To be honest, I would be more concerned if this whole aliyah thing had been plain sailing all the way. I think it is normal, even healthy to be struck down by self-doubt and panic. Let’s face it, no one of completely sound mind and body would choose to make aliyah these days – it does work in your favour to be a tad off centre to begin with (big tick for me!).
A few weeks ago I inadvertently got involved with someone. To say I have been avoiding romance’s evil eye all year is the understatement of the century. When I made up my mind earlier this year to return to Israel permanently, I said to myself (sub-consciously of course – I haven’t quite got to the stage where I am talking to myself)
“time to put on the love blinkers SGD”.
Of course I can hear you know-it-alls out there in cyberspace going,
“Ahhhh, but you can’t control that kind of thing! Love comes when you are least expecting it.” Well – love might be too strong an emotion to use, but very strong feelings/powerful emotional connection/extreme attraction could all be appropriate substitutes.
The question I have been plaguing myself with is this: why has this person come into my life NOW? Whose idea of a cruel and twisted joke was this? I can see the headlines now:
“GIRL SET TO HOP ON PLANE TO OTHER SIDE OF WORLD MEETS GREAT GUY. HEARTBREAK IMMINENT.”I am not exaggerating when I tell you that I have spent the last few weeks in a totally discombobulated state (I have always wanted to use that word in a sentence!). I have been grinding my teeth at night again (something I have not done since I was about six) and my appetite has gone out the window (ok, every cloud has a silver lining).

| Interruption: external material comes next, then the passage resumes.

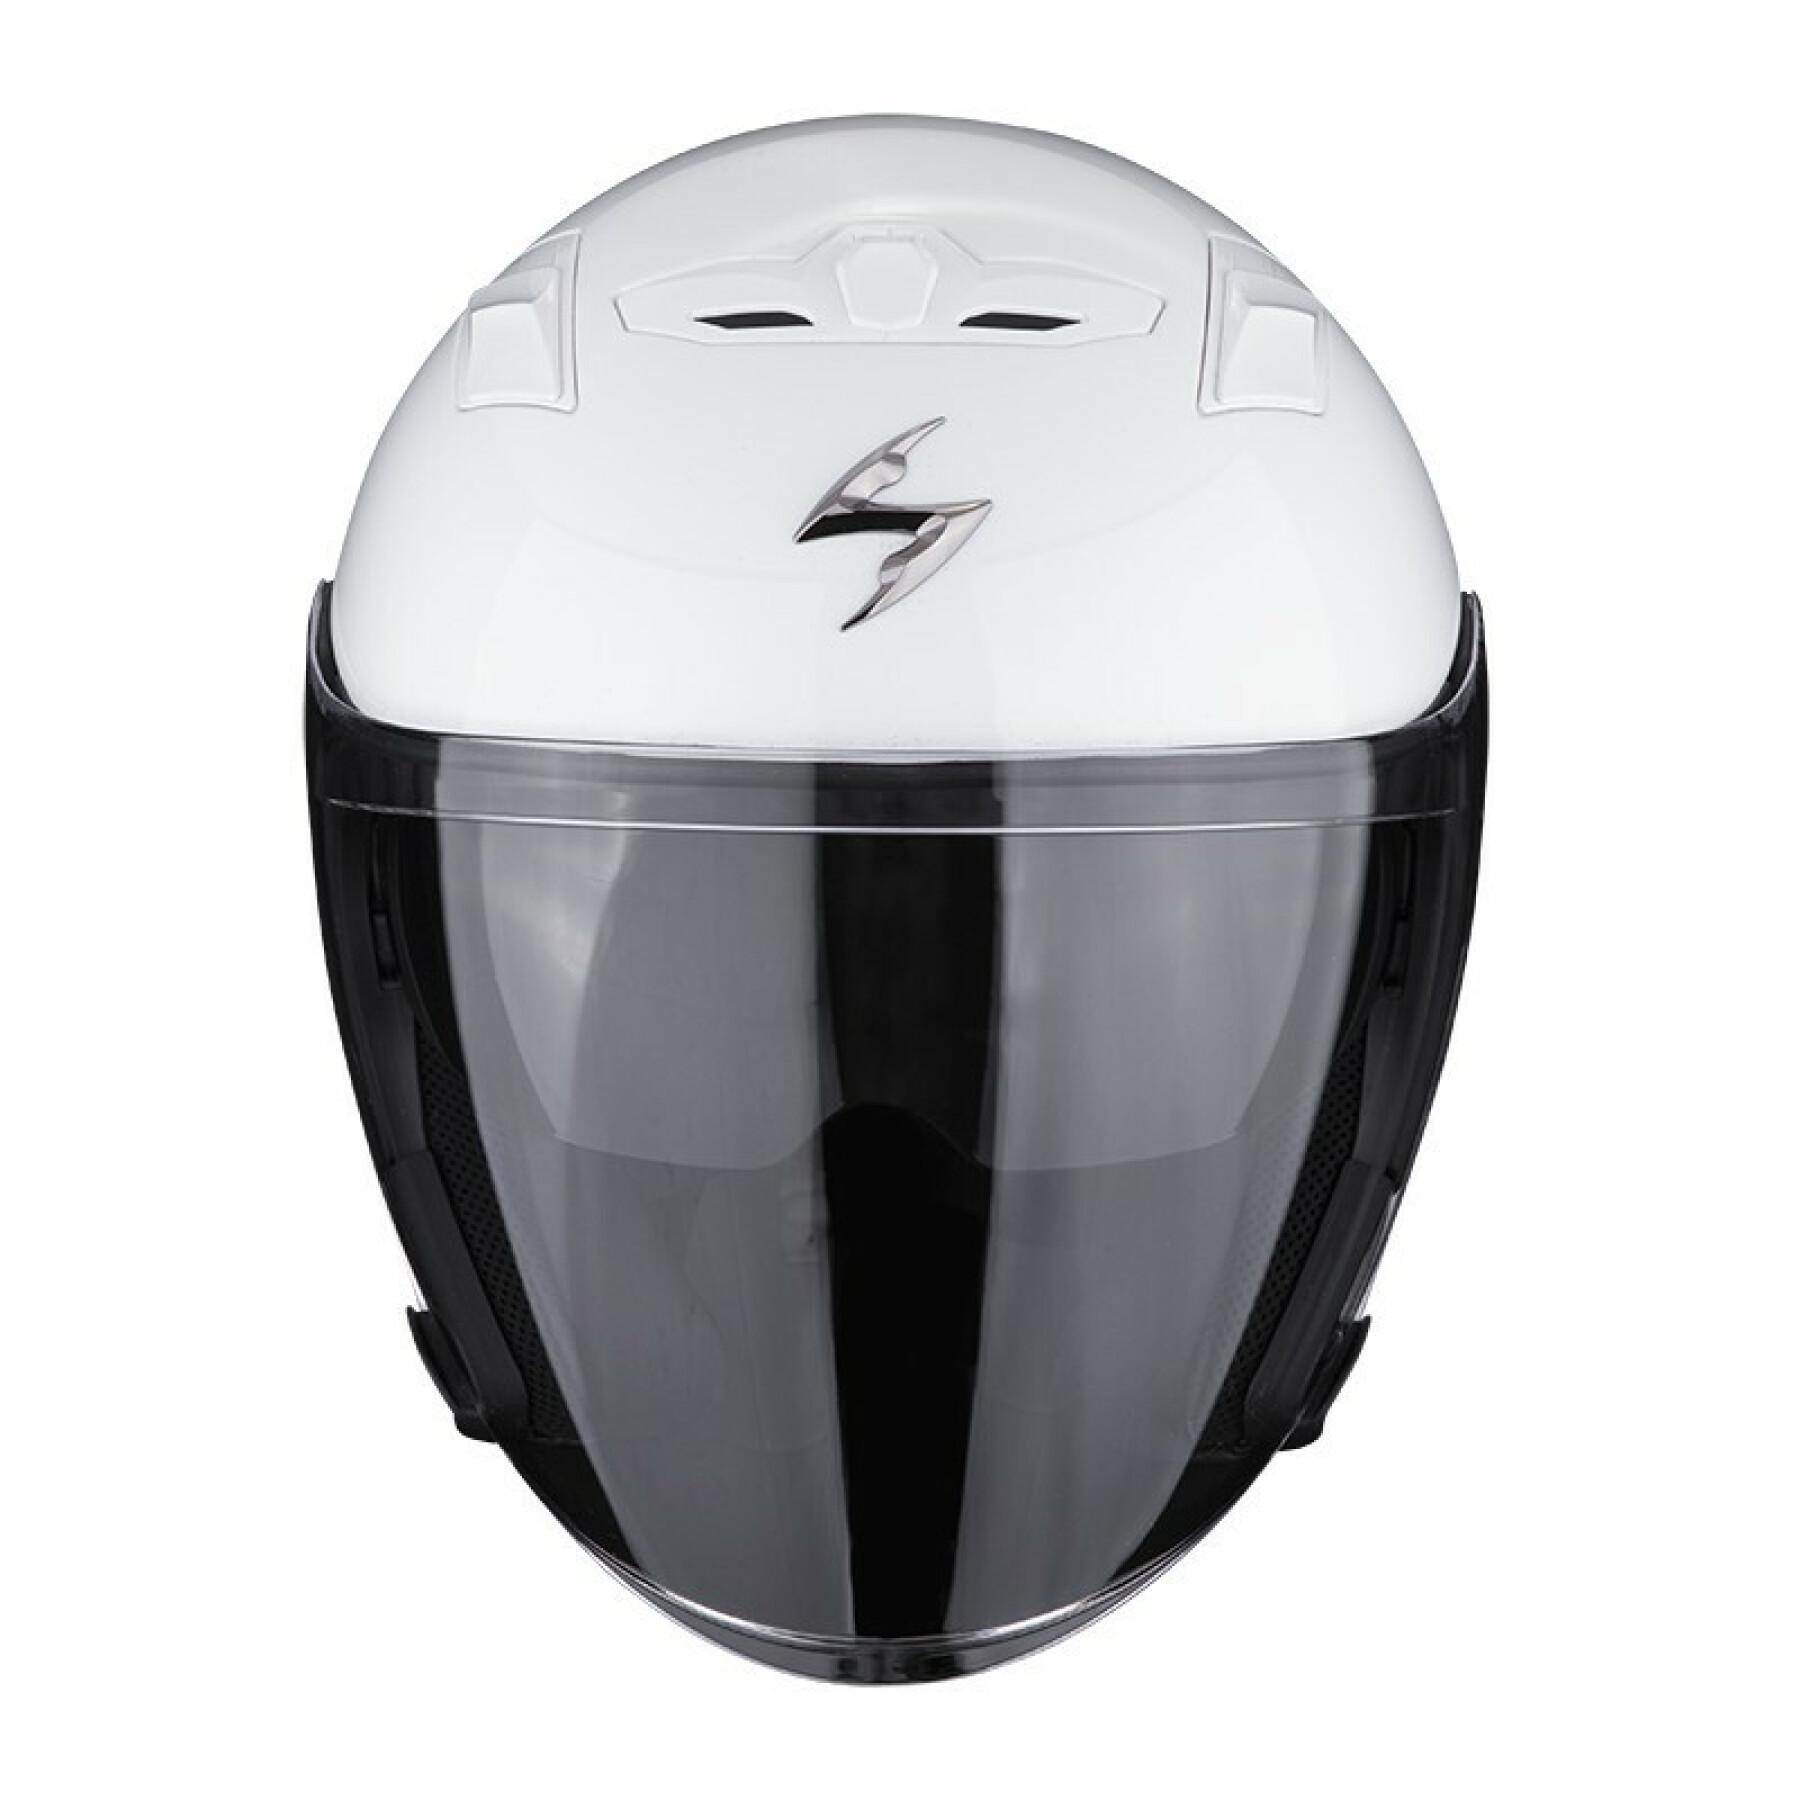 Jet helmet Scorpion Exo-230 SOLID

So what happened that I was able to turn the corner and get back on the road to aliyah? Well, a few things. I was speaking to my brother the other night and despite the fact that we are really close, it is not often that we talk about our respective love lives. Still – my bro is one insightful cookie. He said;
“you’re just like me – you wear your heart on your sleeve and you give too much of yourself, too quick.” Well thanks, Dr Phil umm, I mean Dr Rich.
He also reminded me of how long I have had this dream to live in Israel and that I owed it to myself to give it a go.
“No one is saying you have to stay – but you do have to go”. I realised that once again I was falling into my old ways; my own self-created safety net if you like. It’s easier to back out of a plan than go ahead with it and fail. It’s easier to blame a third party on the eventual failure of my own actions than face my fears head on and deal with them.
I got off the phone and I sat and thought for a long time afterwards. I don’t think I came to any ground-breaking conclusions, but there was definite seismic activity going on in my brain. I went to bed and had one of those “dead sleeps” as I call them. Those nights where you remember nothing, not even nodding off to sleep the night before. When I woke up, I felt like a ten ton weight had been lifted from my chest. I sat up and said to myself (ok I admit it, I actually said this out loud – but I’m not crazy, I swear!)
“I deserve to live my life on my terms finally.” I don’t even know where that came from to be honest; it seemed to float out of nowhere. But I understood it completely and utterly. For far too long I feel like my life has taken a path according to other people’s hopes and dreams. I have so many of my own!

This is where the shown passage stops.